To further investigate the molecular mechanisms underlying the floral scent biosynthesis in R. laevigata flowers, we constructed and sequenced nine cDNA libraries from total RNA extracted at the S2, S3, and S4 stages. A total of 147,070,232, 150,761,094, and 130,587,874 clean reads were obtained from the S2, S3, and S4 samples, respectively. The Q20 and Q30 ranged from 96.68% to 96.97% and 94.09% to 94.6%, respectively, with GC content between 45.66% and 45.83%. On average, 73.33% of the clean reads were aligned to the reference genome (Supplementary Table S4). PCA and correlation analysis indicated reproducibility among samples from the same developmental stage and distinct differences among stages, confirming the suitability of transcriptome data for subsequent analyses (Supplementary Figure S2).

A total of 8,585 DEGs were identified, of which 725 were shared among the three comparison groups (S2 vs. S3, S2 vs. S4, and S3 vs. S4) (Figure 3A; Supplementary Table S5). In S2 vs. S3, 3,437 DEGs were identified, of which 2,180 were upregulated and 1,257 were downregulated in S3 (Figures 3B, C). In S3 vs. S4, 5,031 DEGs were identified, with 2,711 upregulated and 2,320 downregulated in S4 (Figures 3B, C). In S2 vs. S4, 6,001 DEGs were identified, with 3,322 upregulated and 2,679 downregulated in S4 (Figures 3B, C). As the R. laevigata flowers developed, the number of DEGs was greater in S3 vs. S4 than in S2 vs. S3. Hierarchical clustering analysis categorized the DEGs into three major clusters (Figure 3D).

Figure 3

Figure 3. Analysis of DEGs of R. laevigata flowers at three developmental stages. (A) Venn diagram of DEGs among three comparison groups. (B) The number of DEGs in three comparison groups. (C) Volcano plot of DEGs in three comparison groups. (D) Hierarchical clustering heatmap of DEGs.

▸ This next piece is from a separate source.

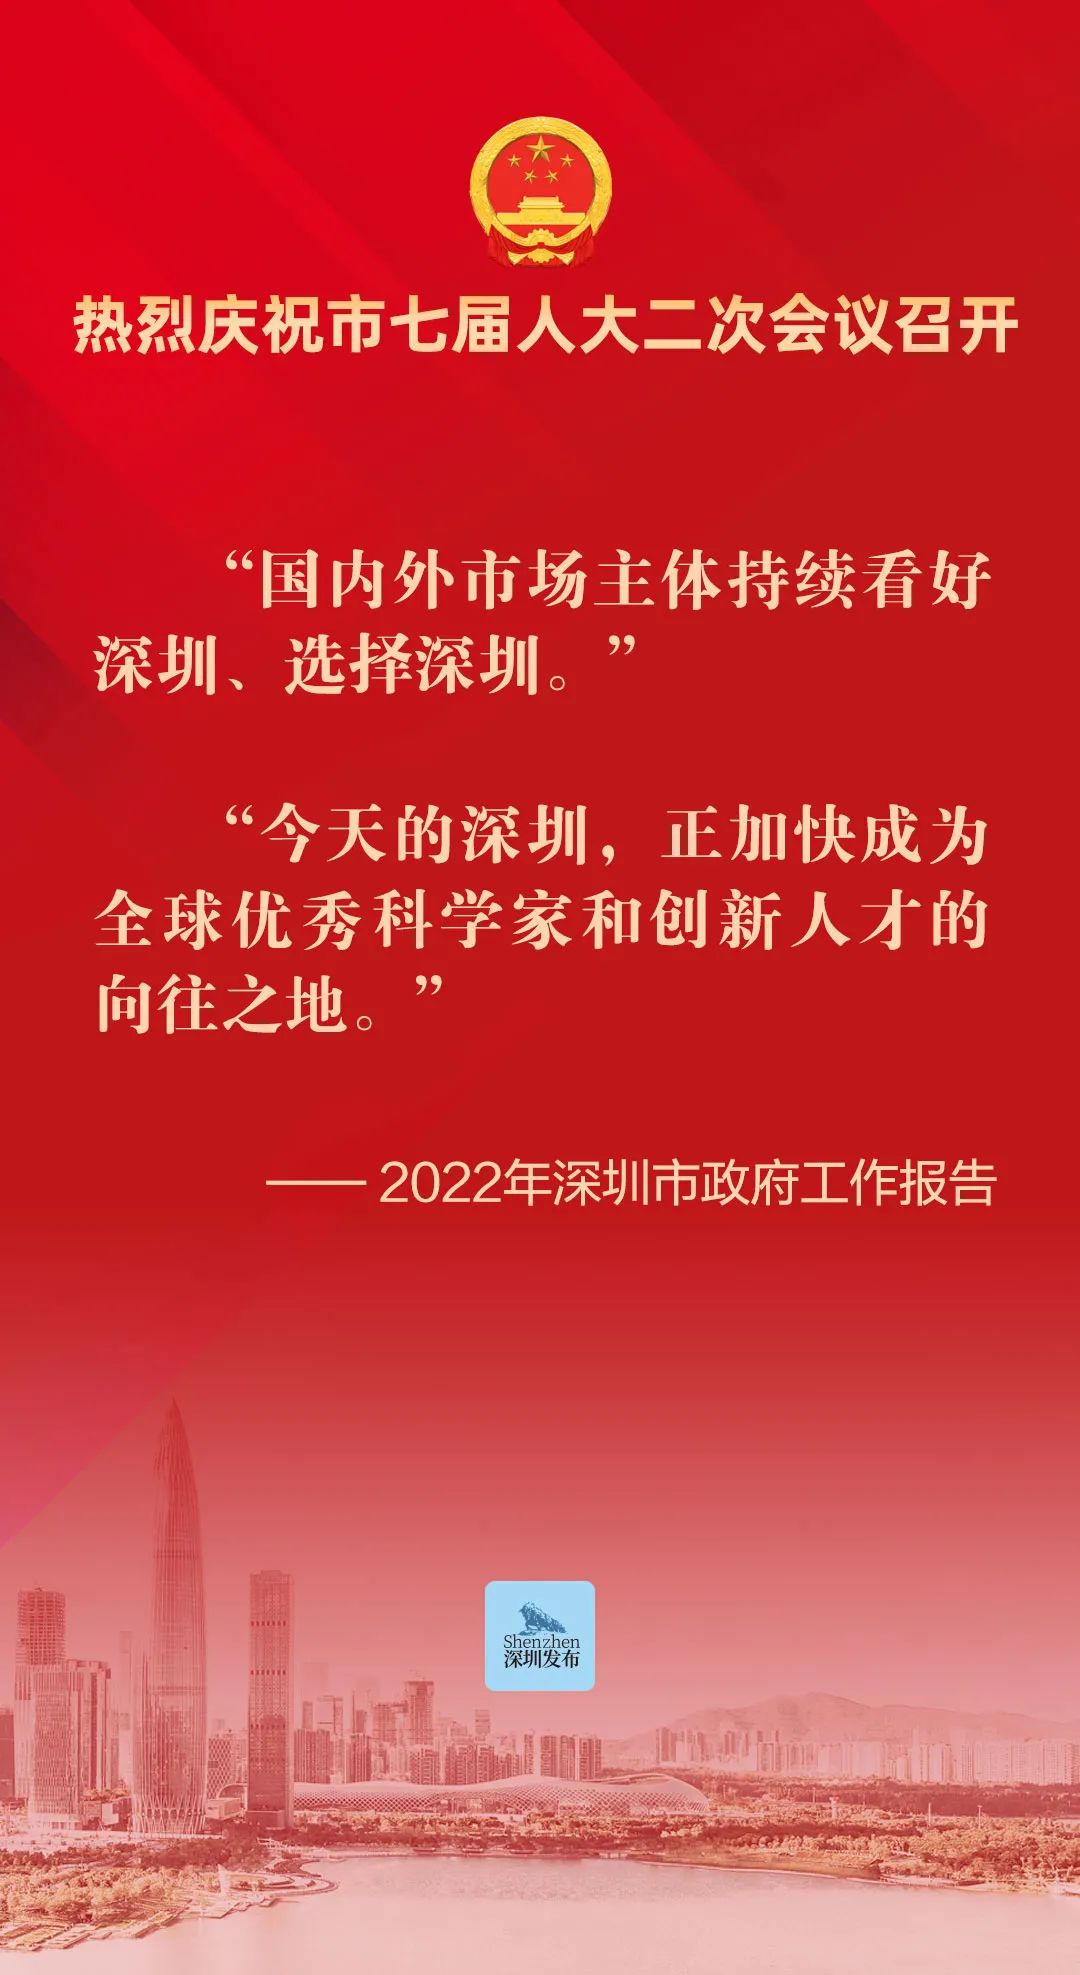 市七届人大二次会议隆重开幕！今年深圳GDP增长预期目标为6%左右

The GO enrichment analysis results showed that in the biological process (BP) category, the three comparison groups were primarily enriched in the carbohydrate metabolic process (GO:0005975). In the molecular function (MF) category, the comparison groups were primarily enriched in transporter activity (GO:0005215). In the cellular component (CC) category, S2 vs. S3 and S2 vs. S4 were mainly enriched in the extracellular region (GO:0005576), while S3 vs. S4 was primarily enriched in the photosystem (GO:0009521) (Supplementary Figure S3).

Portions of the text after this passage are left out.